RLVR and SFT exhibit fundamentally different update patterns: SFT updates concentrate along principal directions (large singular value directions), whereas RLVR operates along off-principal directions.
High cross-experiment consistency: different RL algorithms (PPO, GRPO, REINFORCE) and different datasets produce highly consistent update patterns.
Failure of PEFT methods: methods such as LoRA are designed under a low-rank assumption suited to SFT's principal-direction updates, but RLVR's off-principal updates are inherently diffuse, causing low-rank approximations to discard critical information.
SFT underperforms RLVR: because SFT directly modifies the spectral structure along principal directions, it may degrade pretrained knowledge.

Highlights & Insights¶

Elegance of the Three-Gate Theory: a concise three-layer mechanism explains the surface sparsity observed in RLVR.
First parameter-level characterization: provides a white-box understanding of RLVR training dynamics.
Significant practical implications: directly refutes the popular practice of applying SFT-PEFT methods to RLVR.
Points toward new directions: calls for the design of geometry-aware, RLVR-native learning algorithms rather than recycling SFT-era heuristics.
Closed theory–experiment loop: forms a complete chain of argument from mathematical derivation to large-scale empirical validation.

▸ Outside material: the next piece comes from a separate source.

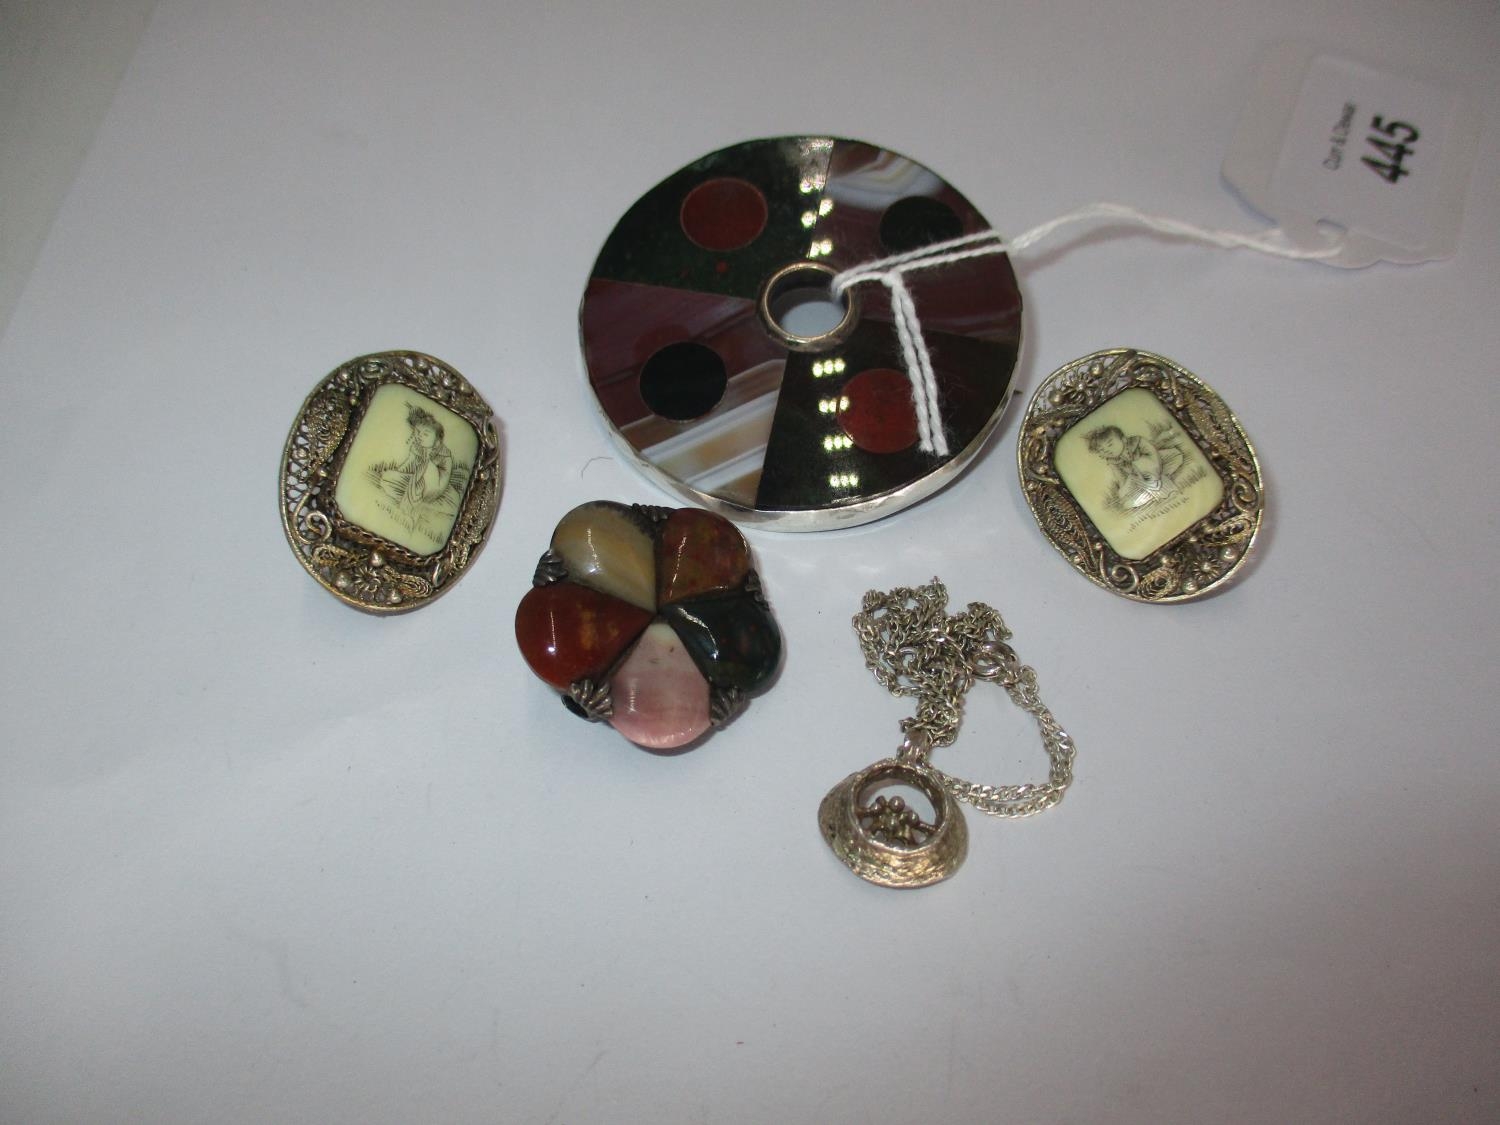 Two Faulty Agate Brooches, Silver and Other Charms, Bangle, Bracelet, Necklace, 2 Agate Brooches (

Limitations & Future Work¶

Analysis limited to parameter update patterns: no direct link is established to specific performance differences on downstream tasks.
Mitigation and improvement proposals are preliminary: while the failure modes of PEFT methods are identified, no complete alternative is proposed.
Model scale constraints: validation is conducted primarily on medium-scale models; very large-scale models remain uncovered.
Theoretical rigor: certain components of the Three-Gate Theory rely on empirical observations rather than formal proofs.
Absence of RLVR-native PEFT design: a direction is identified but not realized.

RLVR methods: DeepSeek-R1, GRPO, and related work demonstrate the effectiveness of RLVR; this paper explains why it works.
Parameter-efficient fine-tuning: LoRA, QLoRA, and similar methods achieve strong results in SFT, but this paper reveals their limitations in the RLVR setting.
Training dynamics: complements Aghajanyan et al.'s work on intrinsic dimensionality.
Inspired direction: designing novel PEFT methods that exploit off-principal directional structure (e.g., off-principal LoRA).

Rating¶

Novelty: ⭐⭐⭐⭐⭐ — First parameter-level understanding of RLVR.
Theoretical Depth: ⭐⭐⭐⭐ — Three-Gate Theory framework is clear; partial theoretical rigor.
Experimental Thoroughness: ⭐⭐⭐⭐ — Validated across multiple algorithms and datasets.
Practical Impact: ⭐⭐⭐⭐⭐ — Directly guides RLVR training practice.
Writing Quality: ⭐⭐⭐⭐⭐ — Fluent narrative and well-organized structure.